We were kinda stymied by this, and after some back and forth, pulling the gif apart, converting to png, and basically getting nowhere ended up just assigned chunks of 1000 frames to different team members. We got a bunch of frames done, but were still a ways off an answer when it got shutdown. Then it was off to the nearby pub for dinner and beers (and Tridge’s analysis of the the “Harry Read Me” climate data stuff).

(We’d only looked at the red squares, trusting in fandom to not let us down; one of the other teams had actually looked at the blue highlighted letters though — turns out they were just DEADBEEF repeating. Nice.)

After heading back I spent a bit of time playing with my pygame project; I think getting from just having a triangular grid, to having little moving circles on top of the grid or something equally compelling. But that then inspired me to have another poke at that problem again. So I pulled out pygame, and the 1349 frames converted into PNM, and set about automatically extracting the relevant characters.

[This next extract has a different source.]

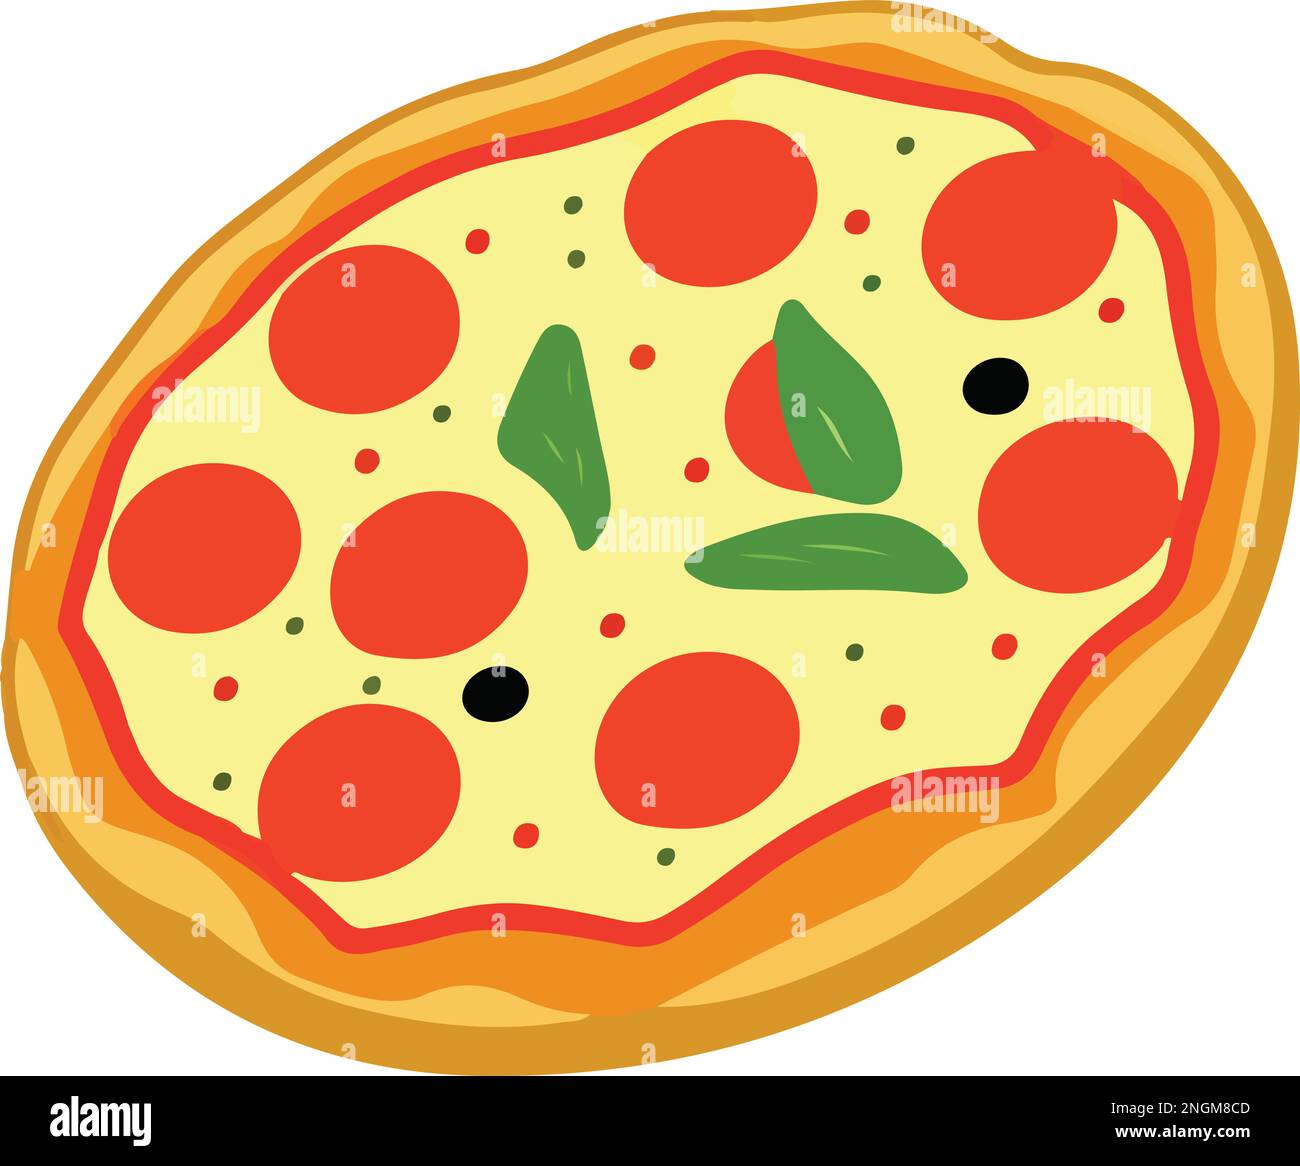 Delicious Pizza with Tomato and Mozzarella. Vector Illustration Stock ...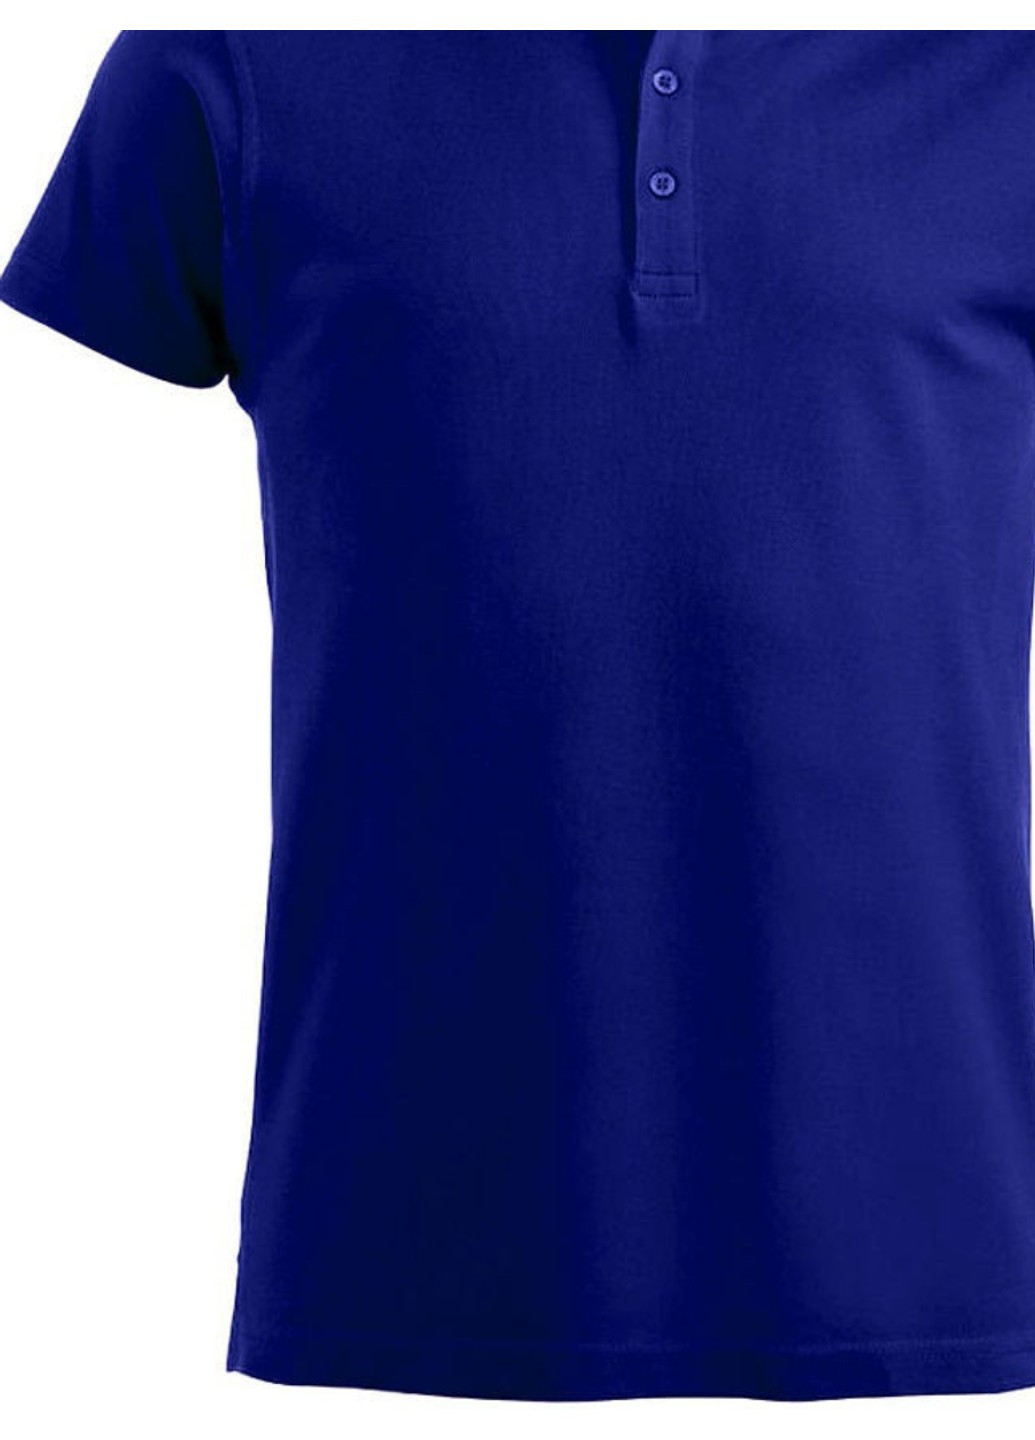 Синяя летняя футболка женская polo style gibson синего цвета Clique

I took a few assumptions: that the characters would be laid out on a nice rectangular grid, that all the characters would look the same (every A is the same combination of pixels as every other A), and that the highlights would be in a predictable position relative to the character grid. I pulled up a frame in gimp to work out the pixel width of each character and the offsets for the frames, at which point it was just a simple matter of programming.

And rather than explicate that further here, I’ll point at my junkcode page for the explanation of that programming and the prettified source instead. All in all, pretty neat, I thought.

Anyway, submitting that (sitting on the pavement outside the venue; a security guard questioned me about stealing the conference wifi, and a group of party girls walked past and commented “He’s facebooking!” — sadly, they were right) then allowed us access to the final problem they’d prepared, which was a midi file disguised as a spreadsheet where the answer was encoded as errors in a repeating tune. Beyond listening to it for a bit, I didn’t make an attempt at that point: graphics and OCR were scary enough; audio? Please no. I see now that a couple of other teams actually got that one out too eventually. Kudos!

(Tridge and Jelmer had a go at solving it independently too; they did it in C, loading each PNM into a structure in memory directly, scanning that for the red square, copying it into a separate structure, writing that to a new file, and running gocr over the file; then doing the next frame. PNM is a particularly great format for doing that in C.)